The task:
The expected answer is the full listing, repeated exactly and free of images.

Recorded information:

####################

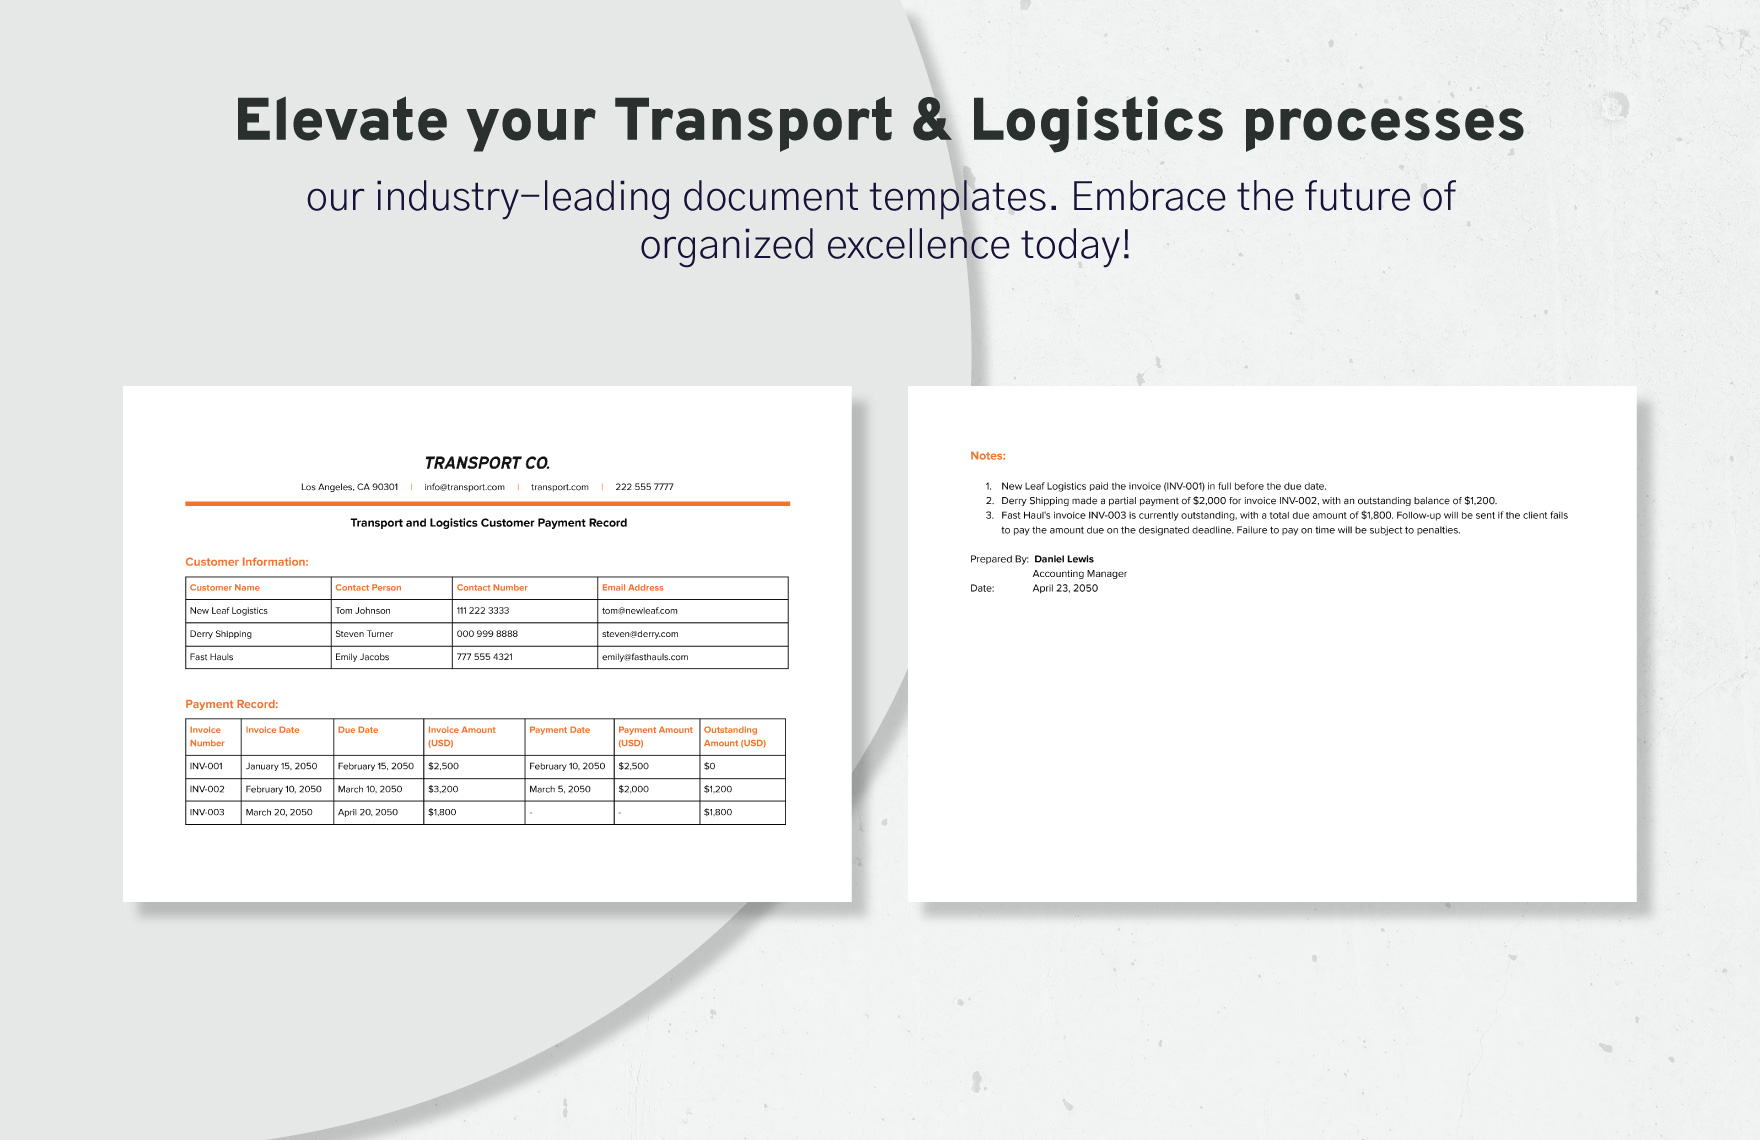 Transport and Logistics Customer Payment Record Template
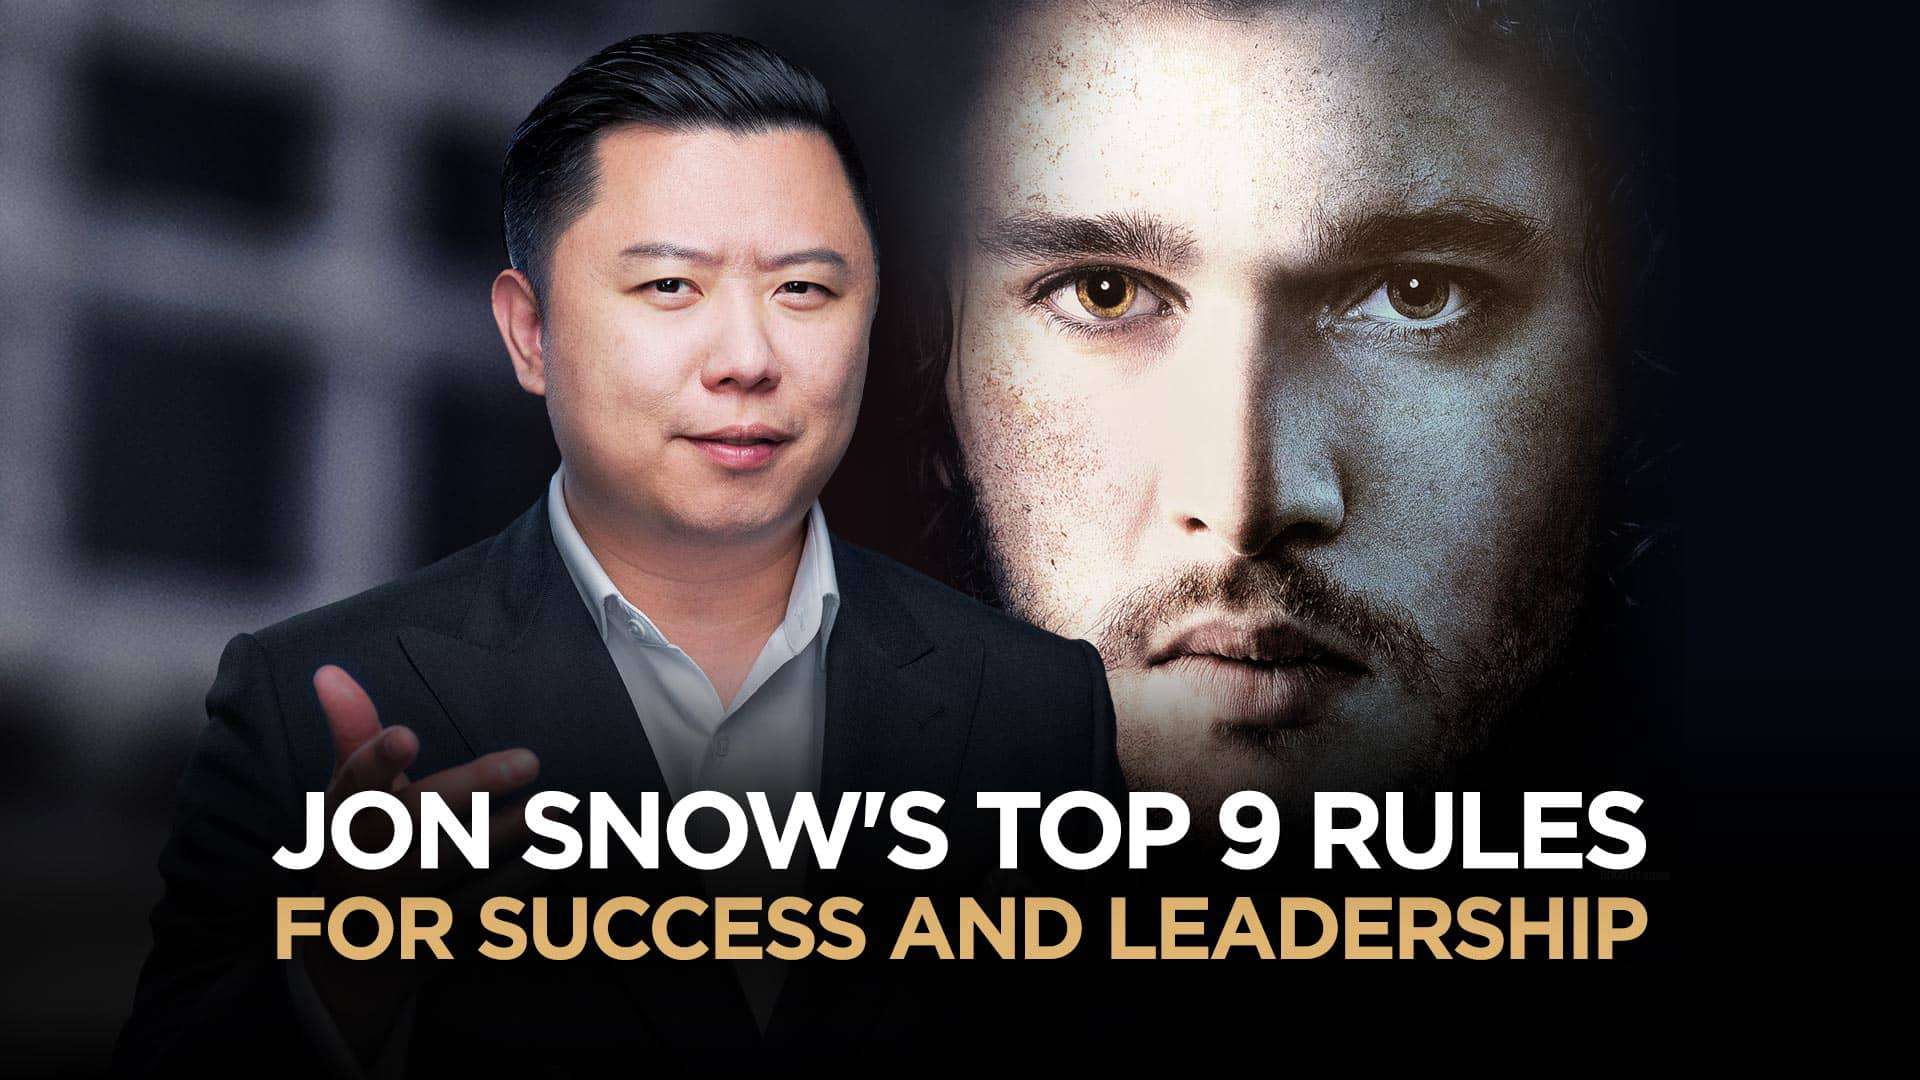 Jon Snow's Top 9 Rules for Success and Leadership
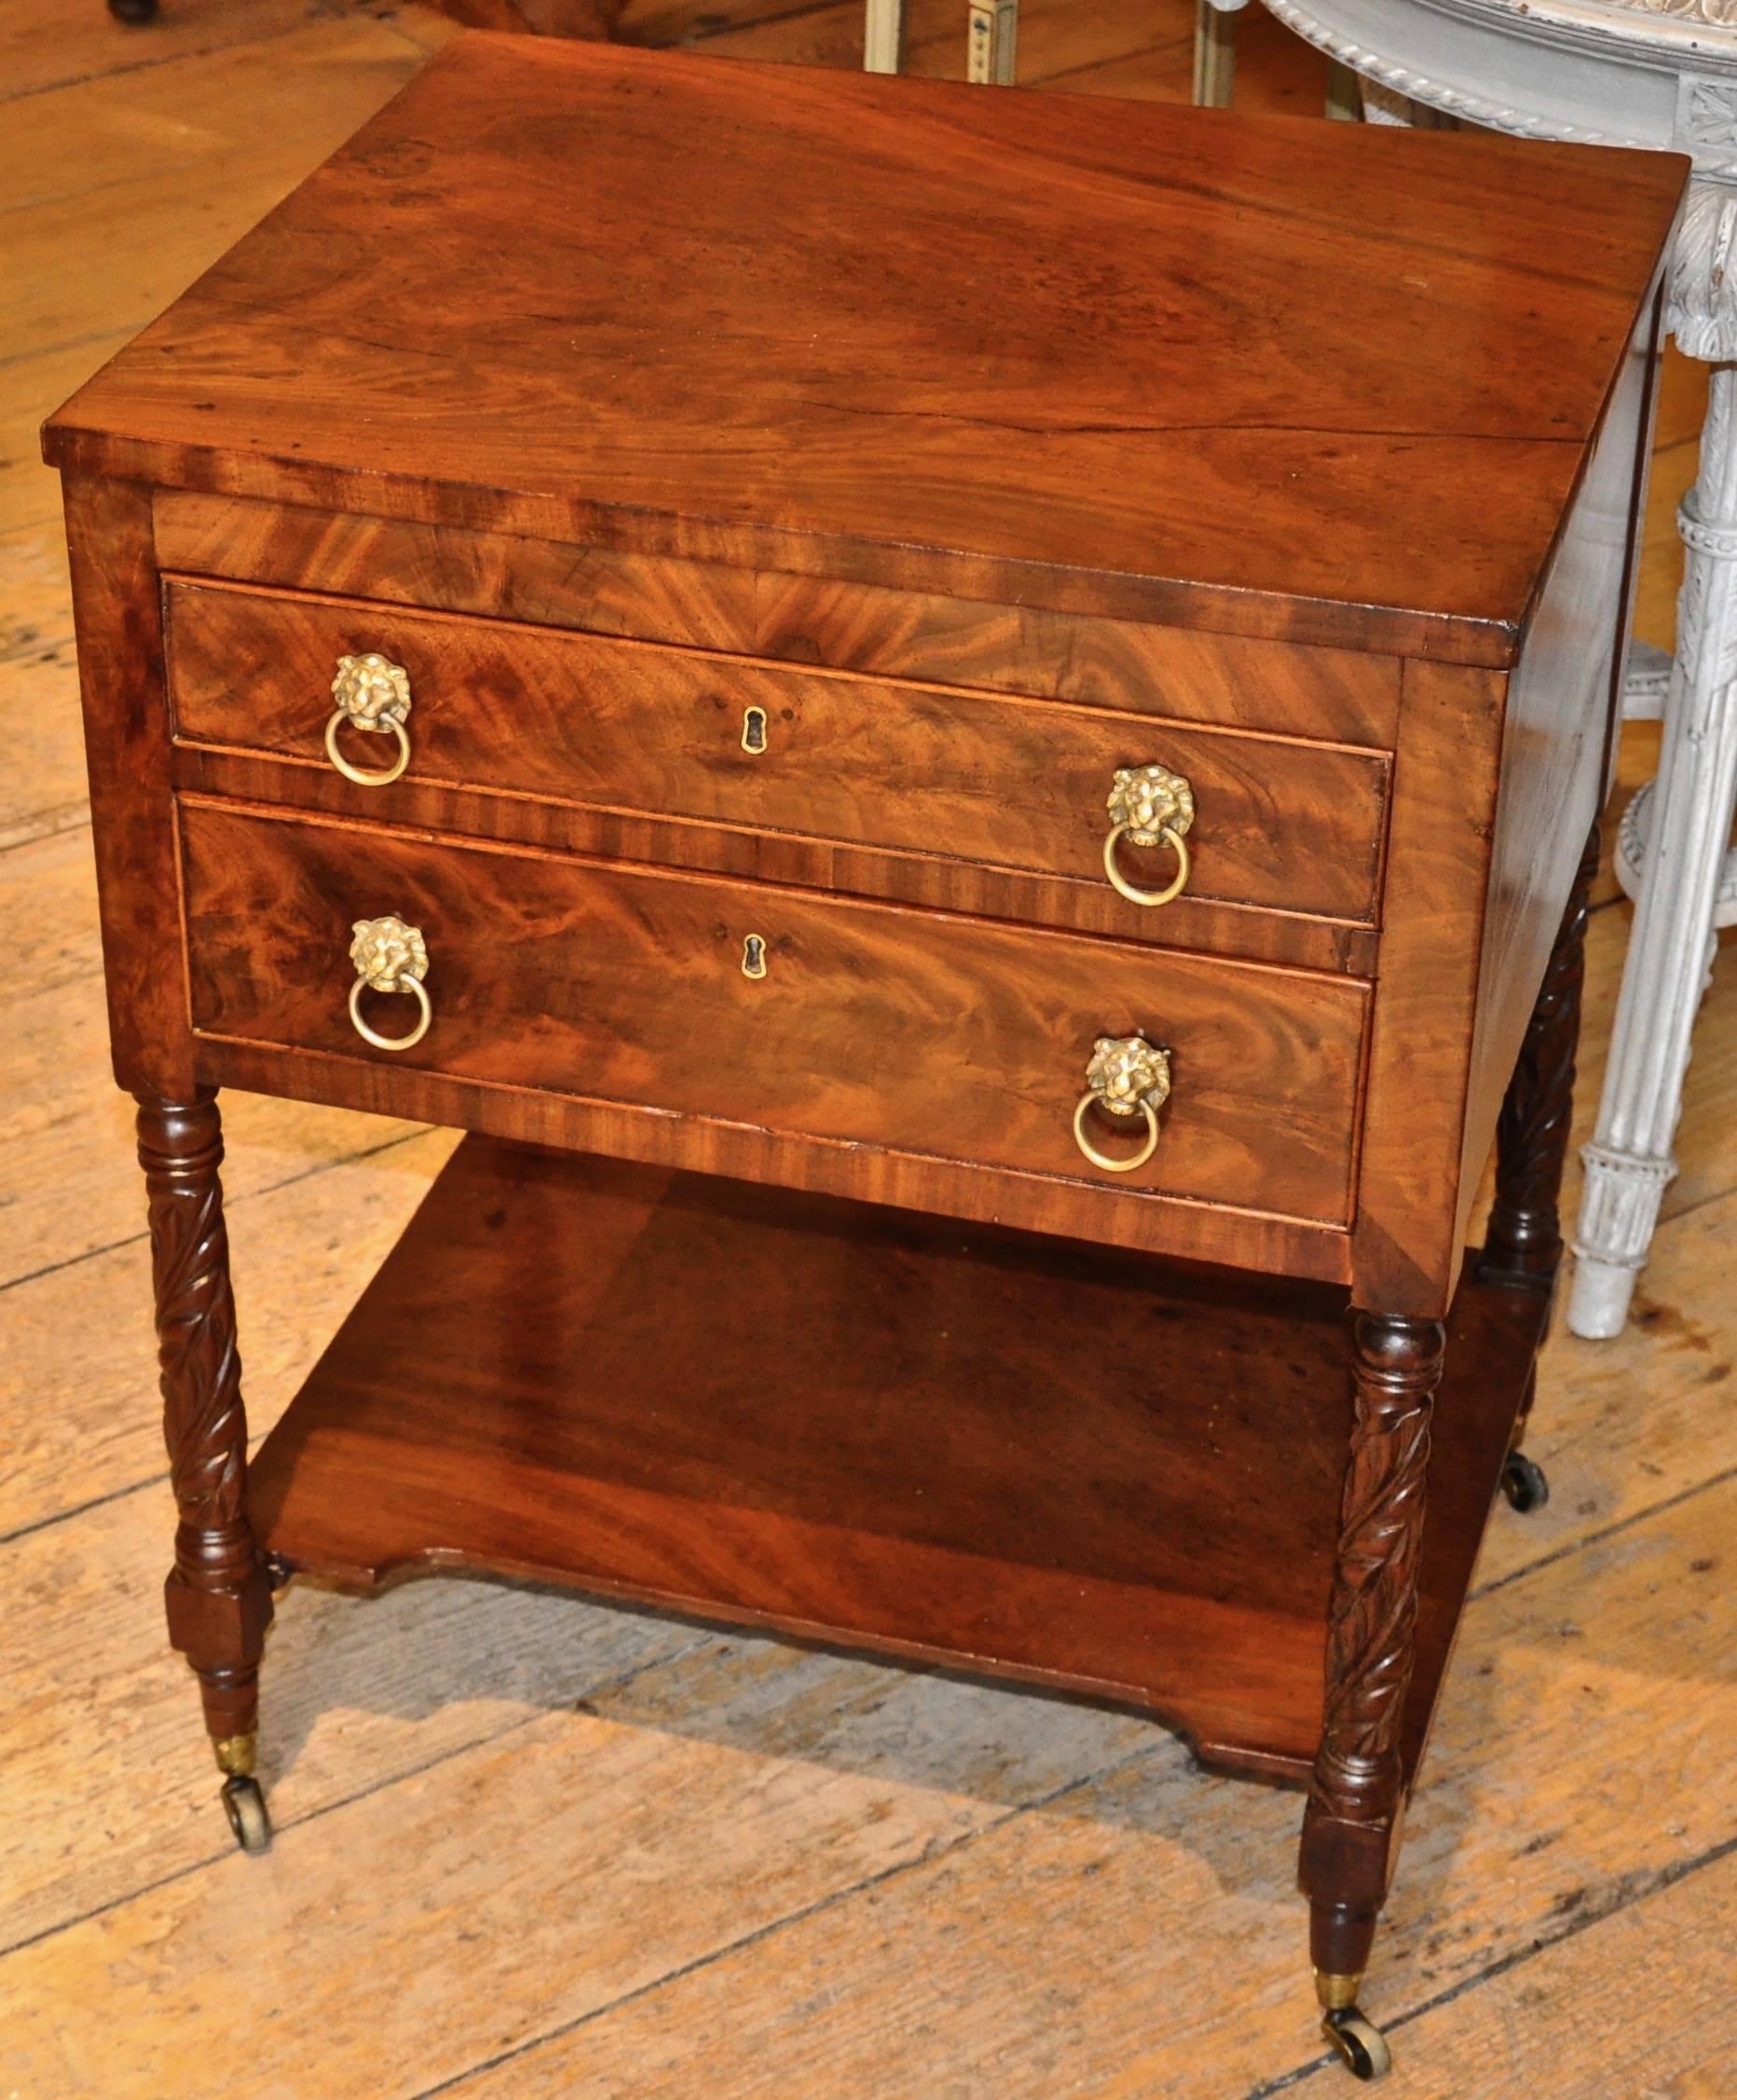 Period Federal mahogany stand or side table

Two drawers and bottom shelf. Bookmatched crotch mahogany. Finished on all sides. Great size for end table or small server. Boston or Salem, Massachusetts.

####################

Result below:
 Transport and Logistics Customer Payment Record Template
 Jon Snow's Top 9 Rules for Success and Leadership
 Period Federal mahogany stand or side table

Two drawers and bottom shelf. Bookmatched crotch mahogany. Finished on all sides. Great size for end table or small server. Boston or Salem, Massachusetts.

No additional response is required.